**Task prompt**: Nothing in the copy should be a picture; everything else in the listing is to be restated exactly.

**Data shown**:
######
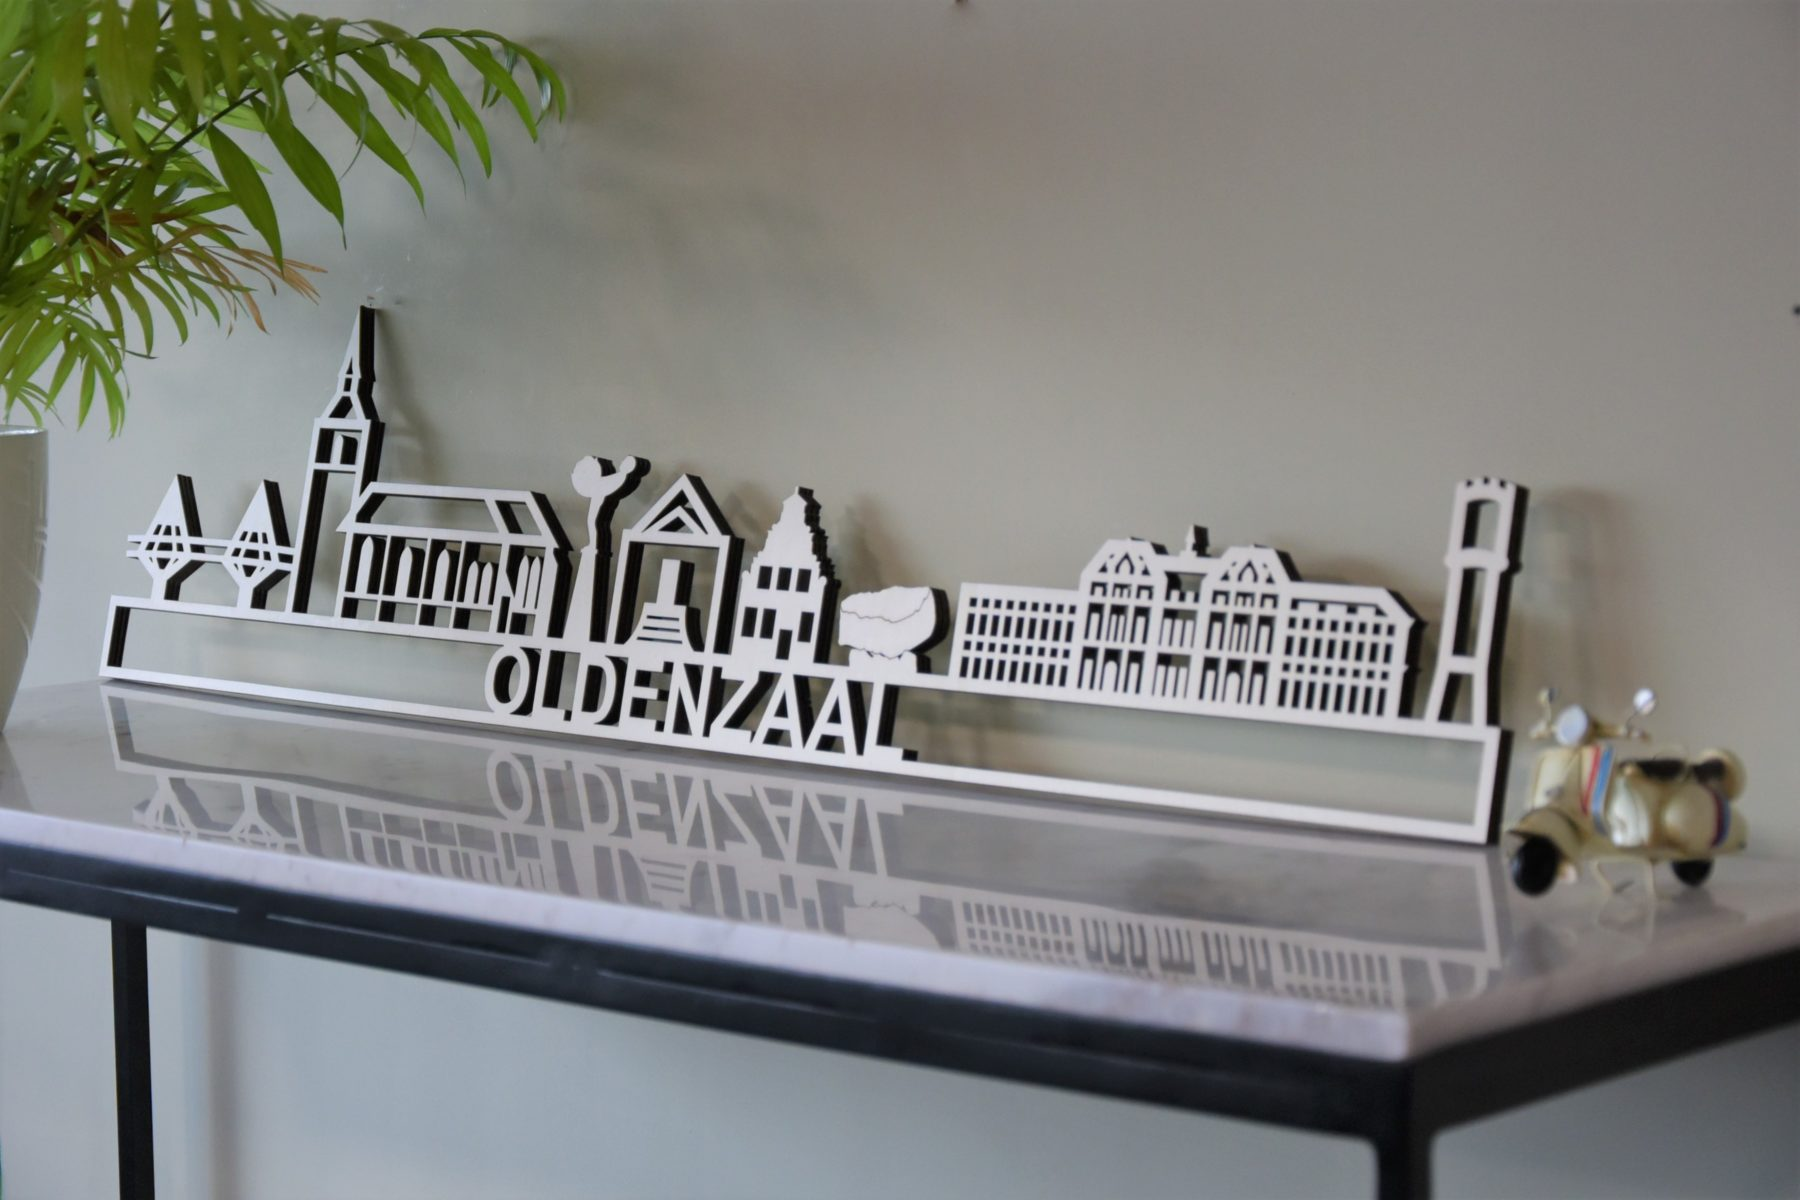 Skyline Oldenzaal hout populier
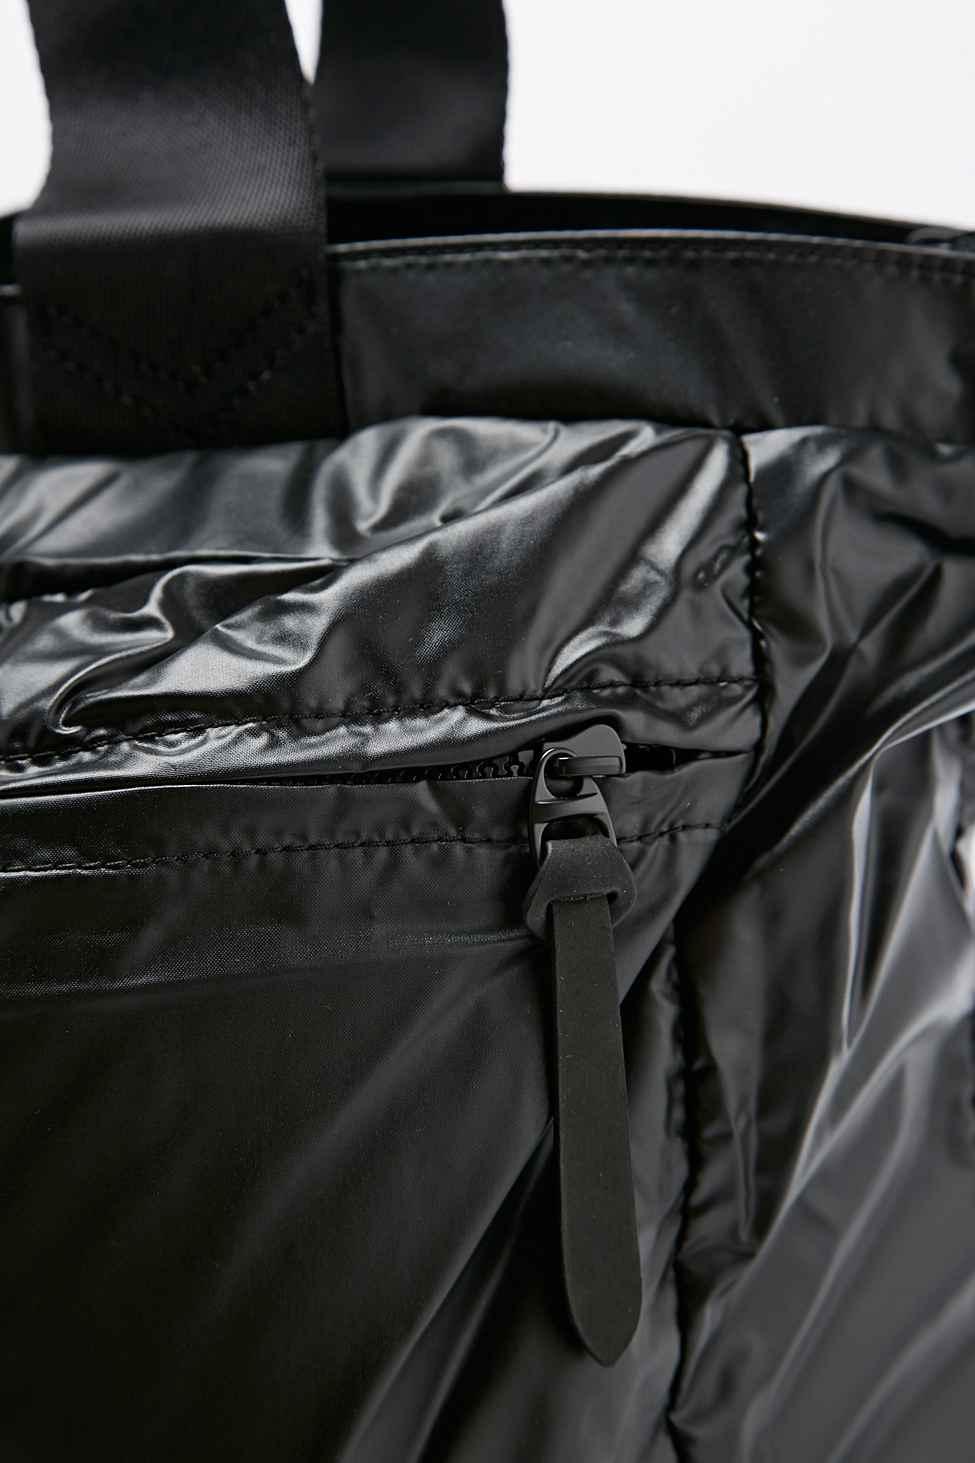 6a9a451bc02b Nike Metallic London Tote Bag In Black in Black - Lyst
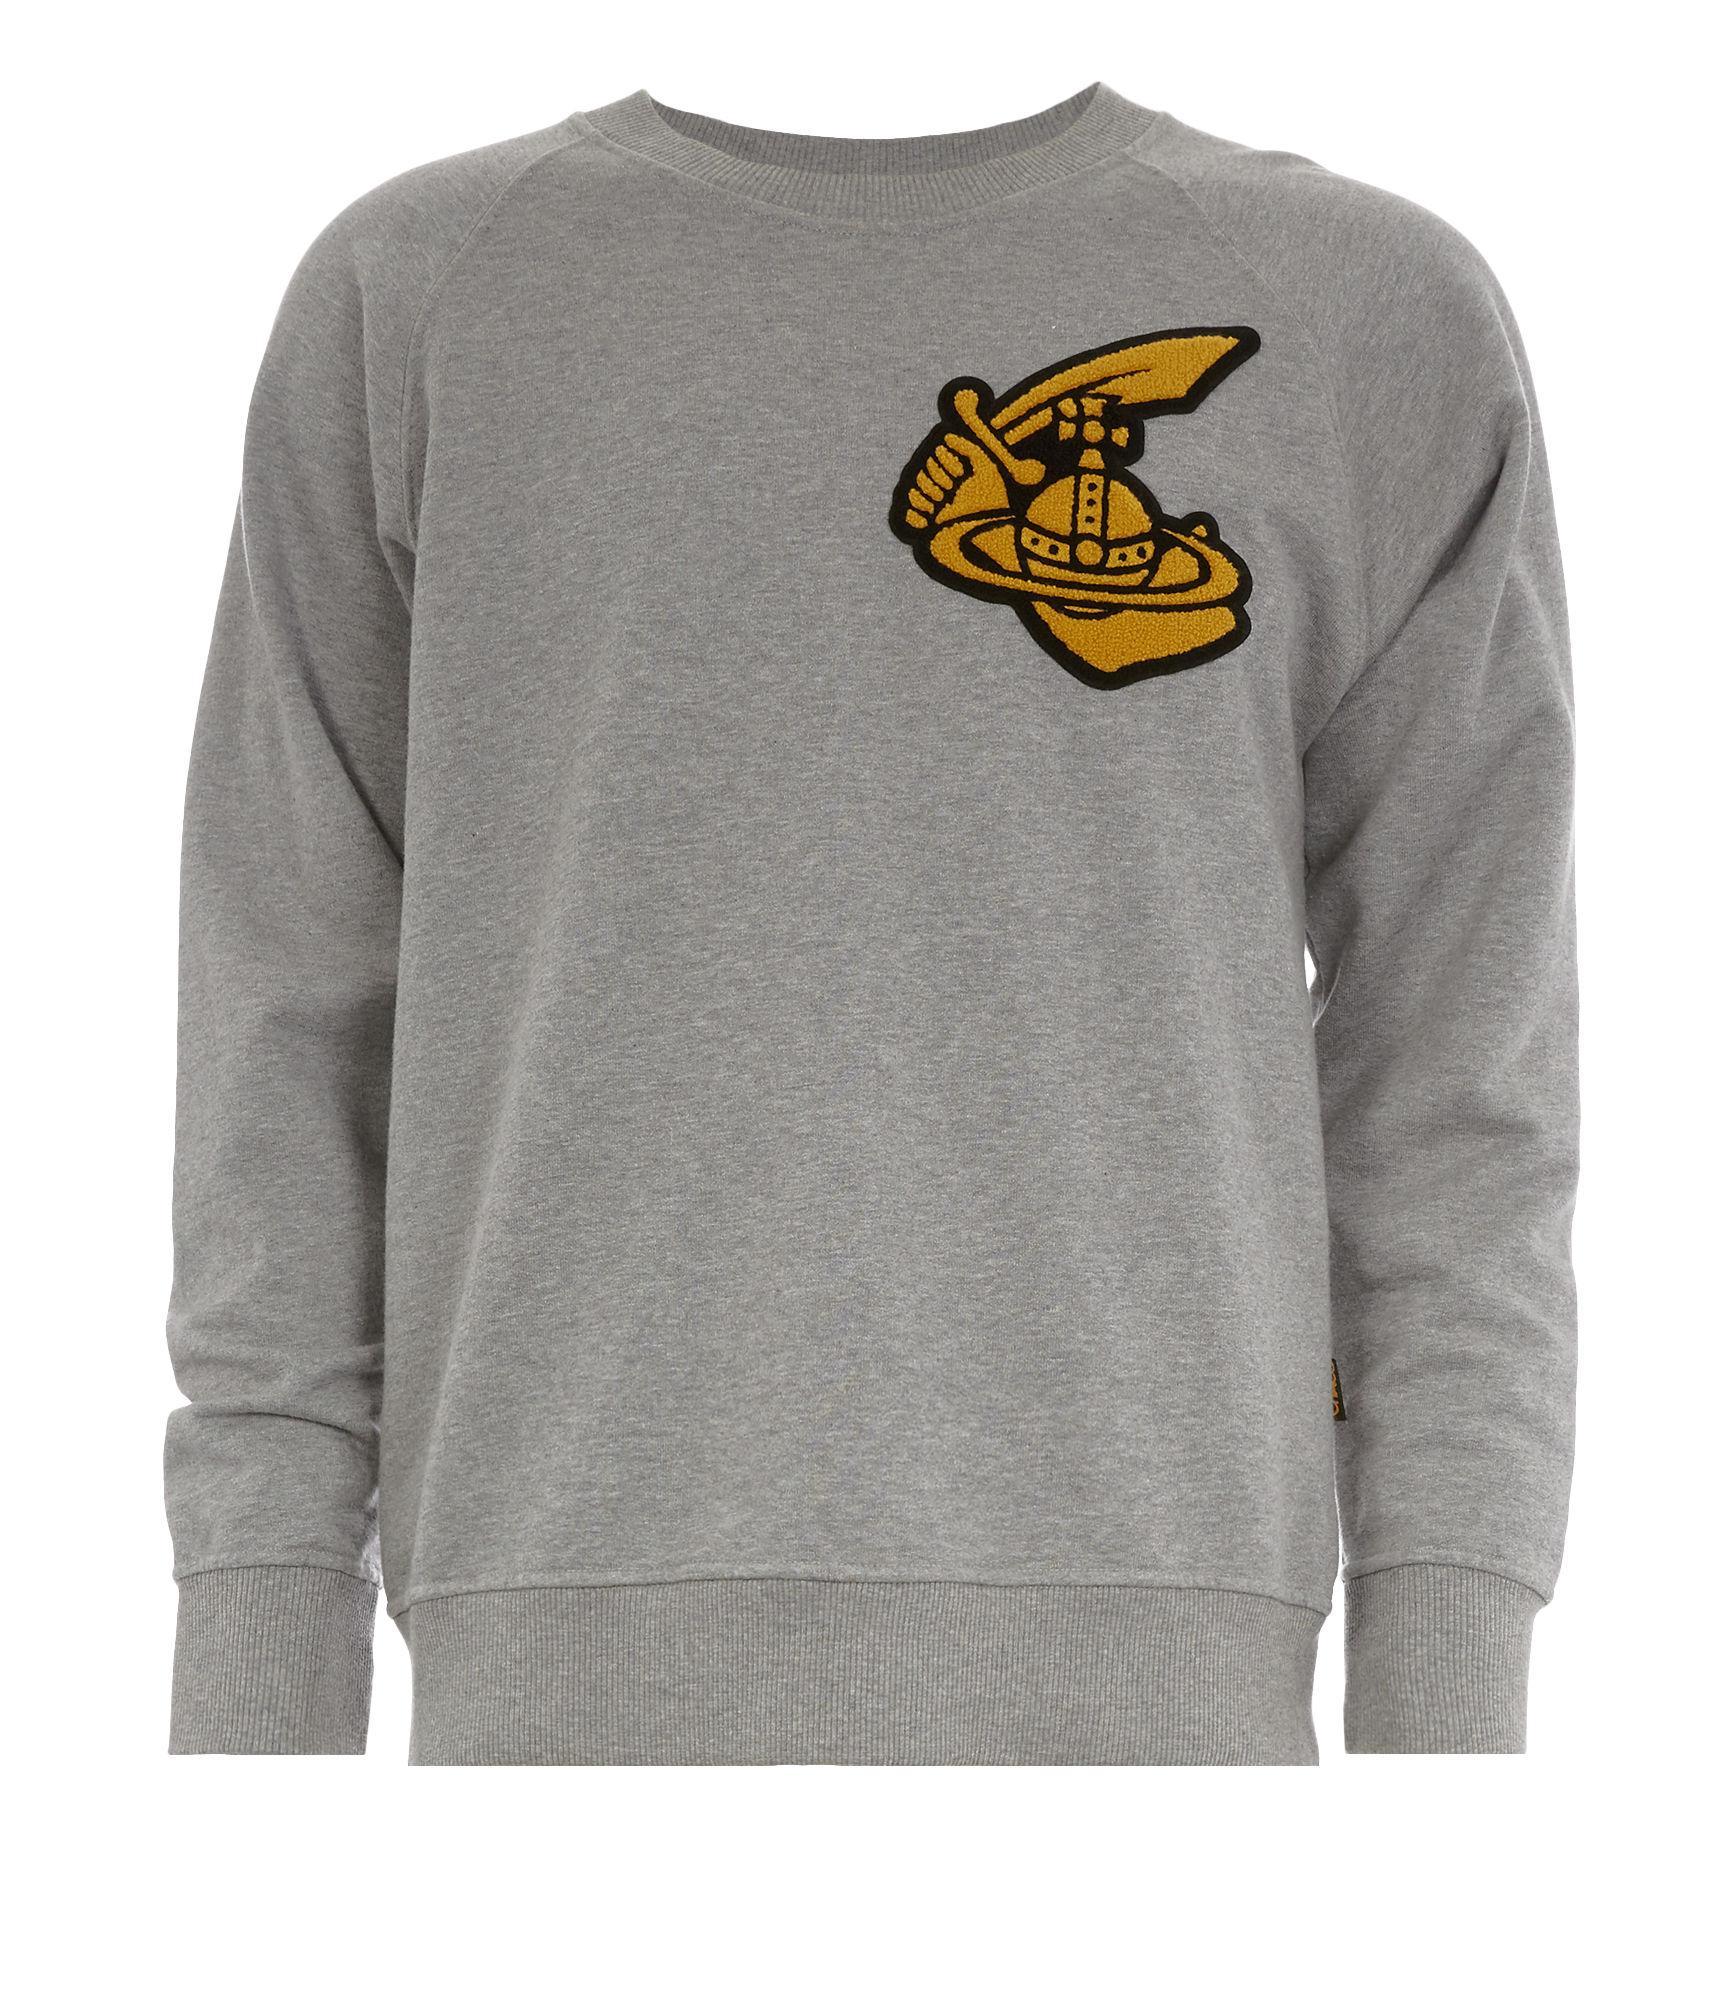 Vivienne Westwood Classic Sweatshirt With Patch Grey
######
**Task solution**:
 Skyline Oldenzaal hout populier
 6a9a451bc02b Nike Metallic London Tote Bag In Black in Black - Lyst
 Vivienne Westwood Classic Sweatshirt With Patch Grey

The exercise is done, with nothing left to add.